A variable geometry turbo too. Not fair. An impressive piece of engineering , but other countries always get the better engines first.


----------



## brian v (Dec 25, 2011)

The other countries Manufacture them in they're Country !

Any some ones up for a little test ?


----------



## jblackburn (Apr 14, 2012)

brian v said:


> The other countries Manufacture them in they're Country !
> 
> Any some ones up for a little test ?


*their


----------



## brian v (Dec 25, 2011)

You are far from their place *
Will the diesel get a transmission that will not become a hazardous stress test ?


----------



## 70AARCUDA (Nov 14, 2010)

brian v said:


> You are far from their place *
> Will the diesel get a transmission that will not become a hazardous stress test ?
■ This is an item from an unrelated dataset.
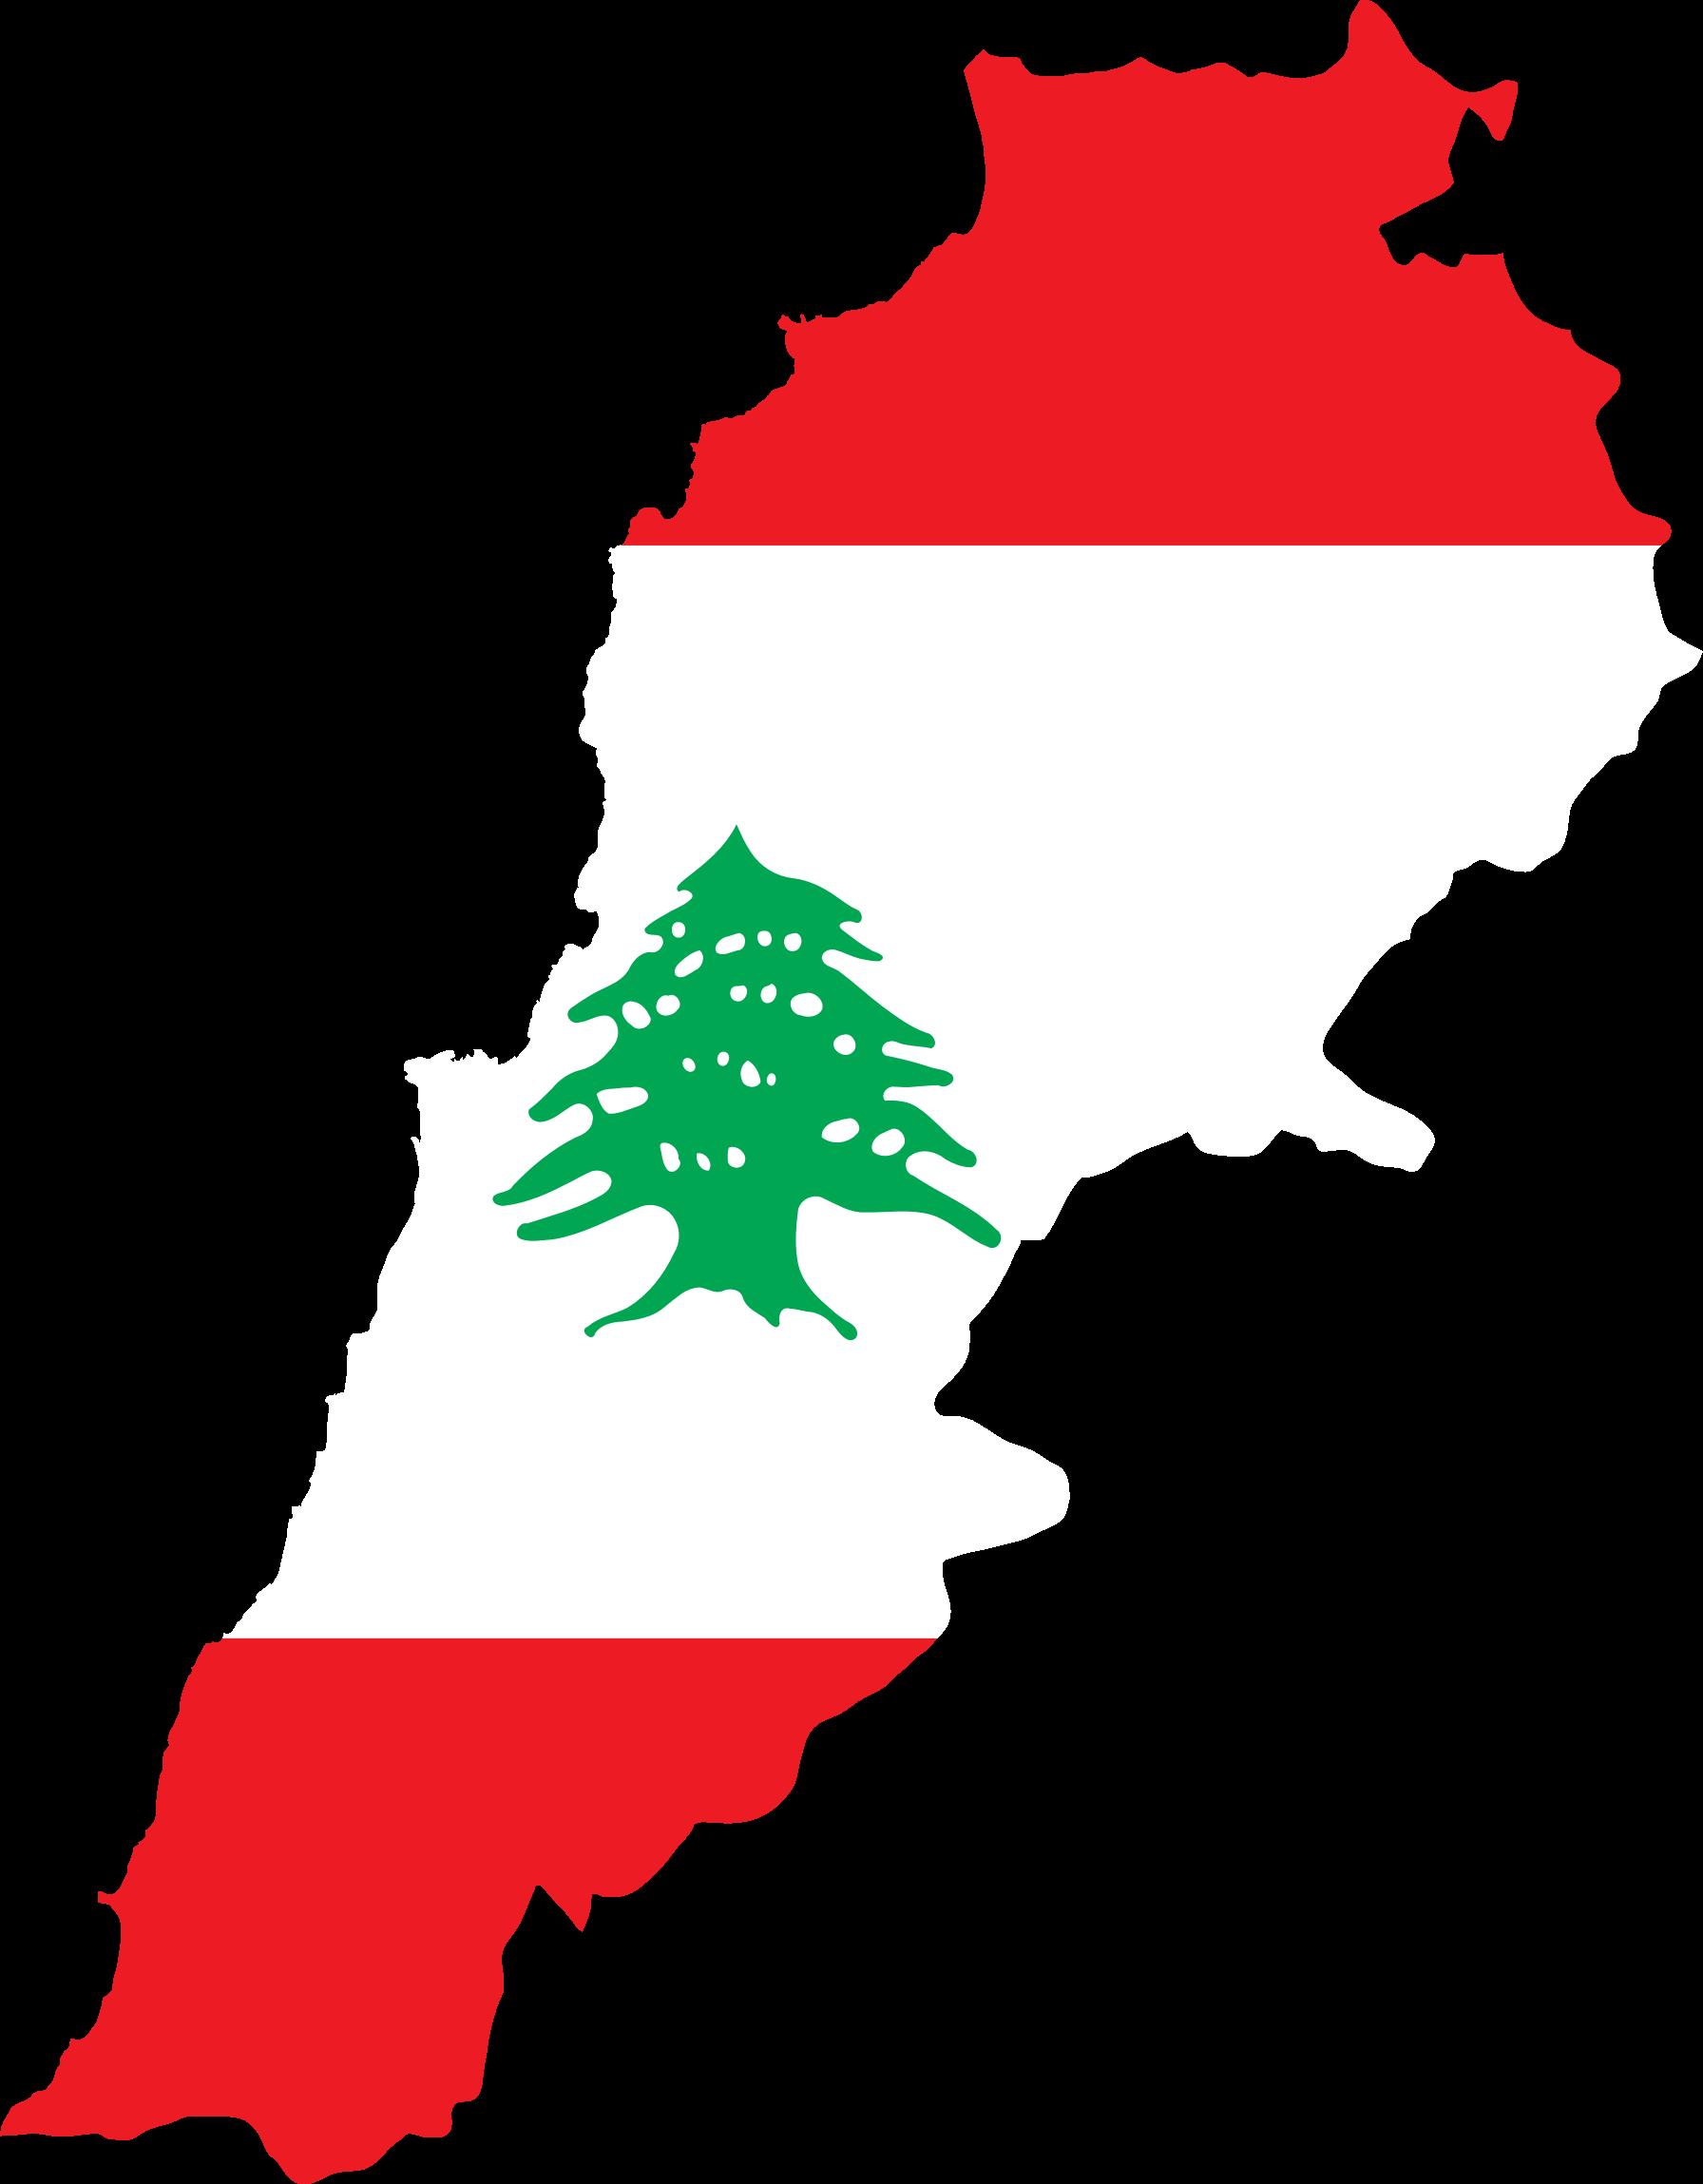 Lebanon Map Clipart.
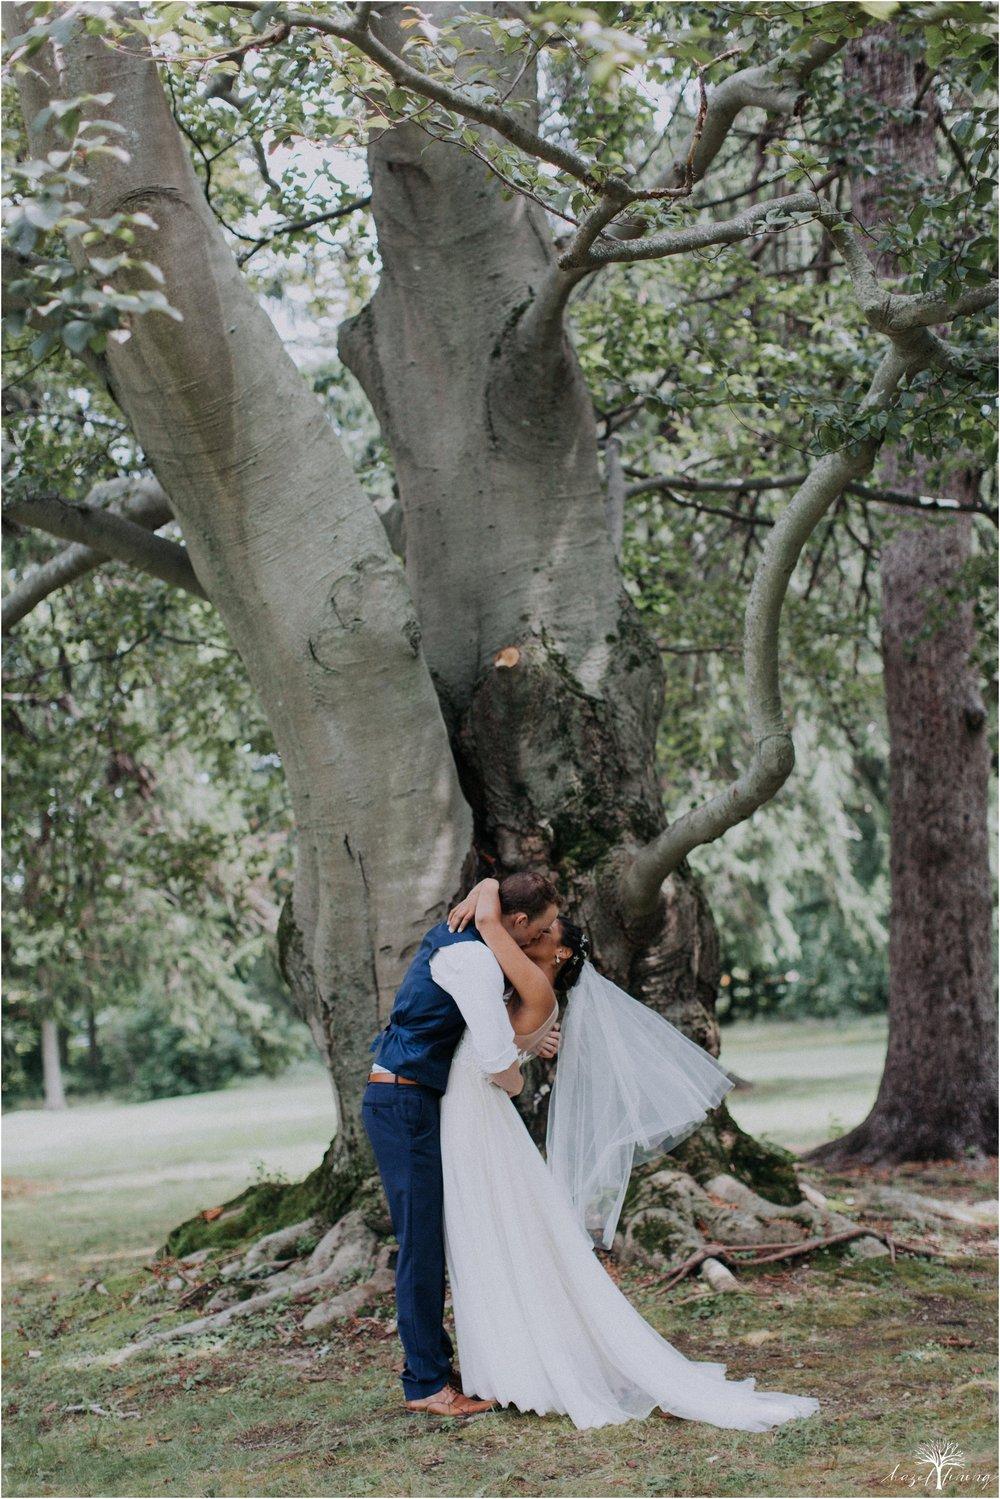 mariah-kreyling-samuel-sherratt-sherrattwiththeworld-peirce-farm-at-witch-hill-boston-massachusetts-wedding-photography-hazel-lining-travel-wedding-elopement-photography_0119.jpg

Well, for one thing, the Diesel Cruze that we will see will not have the same automatic transmission as the gasoline Cruze has. 

The Diesel Cruze will have the much stouter *Aisin* *A6-AF40 *6-speed (see previous posting *here*) that's been used with the Cadillac V6 and the Buick Regal Turbo, it will not have the same *GM* *6T40* HydaMatic that's used in the 2011-2014 gasoline Cruzes.


----------



## brian v (Dec 25, 2011)

* there is a star in the sky also ......

What is the Data to date telling us about this stouter Aisin A6-AF40 ?



JBlackburn that is correct Good catch


----------